Huawei stated that HarmonyOS would initially be used on devices targeting the Chinese market. The company's former subsidiary brand, Honor, unveiled the Honor Vision line of smart TVs as the first consumer electronics devices to run HarmonyOS in August 2019. The HarmonyOS 2.0 beta launched on 16 December 2020 and supported the P30 series, P40 series, Mate 30 series, Mate 40 series, P50 series, and the MatePad Pro.

Stable HarmonyOS 2.0 was released for smartphones and tablets as updates for the P40 and Mate X2 in June 2021. New Huawei Watch, MatePad Pro and PixLab X1 desktop printer models shipping with HarmonyOS were also unveiled at the time. In October 2021, HarmonyOS 2.0 had over 150 million users.

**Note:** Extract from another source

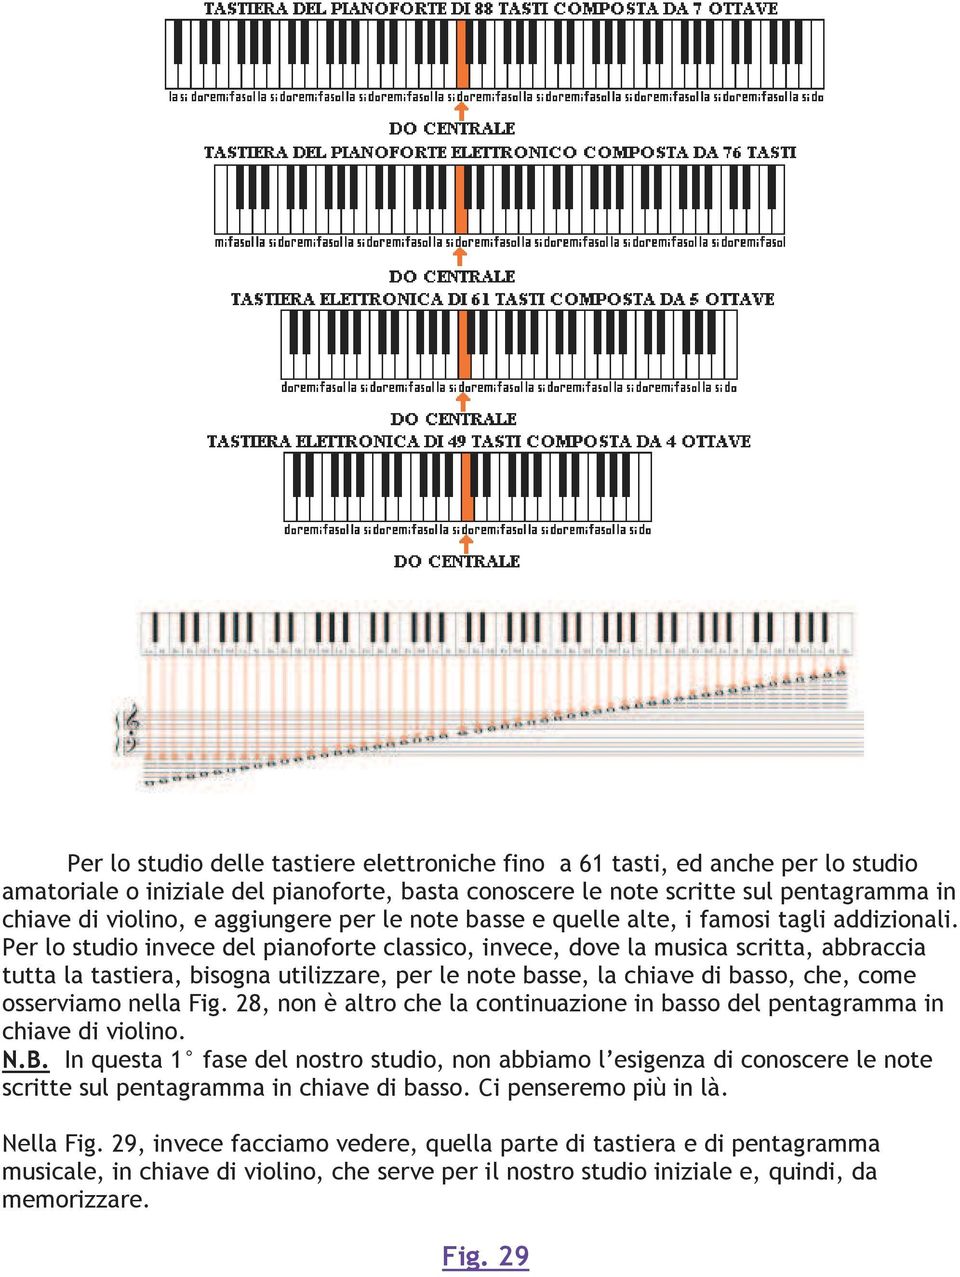 Per lo studio invece del pianoforte classico, invece, dove la musica scritta, abbraccia tutta la tastiera, bisogna utilizzare, per le note basse, la chiave di basso, che, come osserviamo nella Fig.

On November 25, 2025, at a Huawei press conference for the Mate 80 series and Mate X7 flagship products, it was announced that devices running HarmonyOS 5 and HarmonyOS 6 has passed 27 million in activations altogether with an install base growing at 100,000 per day.

== Development ==
=== Architecture ===
HarmonyOS is designed with a layered architecture, which consists of four layers; the kernel layer at the bottom provides the upper three layers, i.e., the system service layer, framework layer and application layer, with basic kernel capabilities, such as process and thread management, memory management, file system, network management, and peripheral management.

The kernel layer incorporates a subsystem that accommodates HongMeng Kernel based on microkernel as Rich Executed Environment (REE), catering to diverse smart devices. Depending on the device type, different kernels can be selected; for instance, like OpenHarmony base itself but with a single kernel, lightweight systems are chosen for low-power devices like watches and IoT devices to execute lightweight HarmonyOS apps, whereas large-memory devices like mobile phones, tablets, and PCs utilize standard system. The dual-app framework was replaced with a single-app framework in HarmonyOS Next, supporting only native HarmonyOS apps with APP format.

The system includes a communication base called DSoftBus for integrating physically separate devices into a virtual Super Device, allowing one device to control others and sharing data among devices with distributed communication capabilities. "To address security concerns" arising from varying devices, the system provides a hardware-based Trusted Execution Environment (TEE) microkernel to prevent leakage of sensitive personal data when they are stored or processed.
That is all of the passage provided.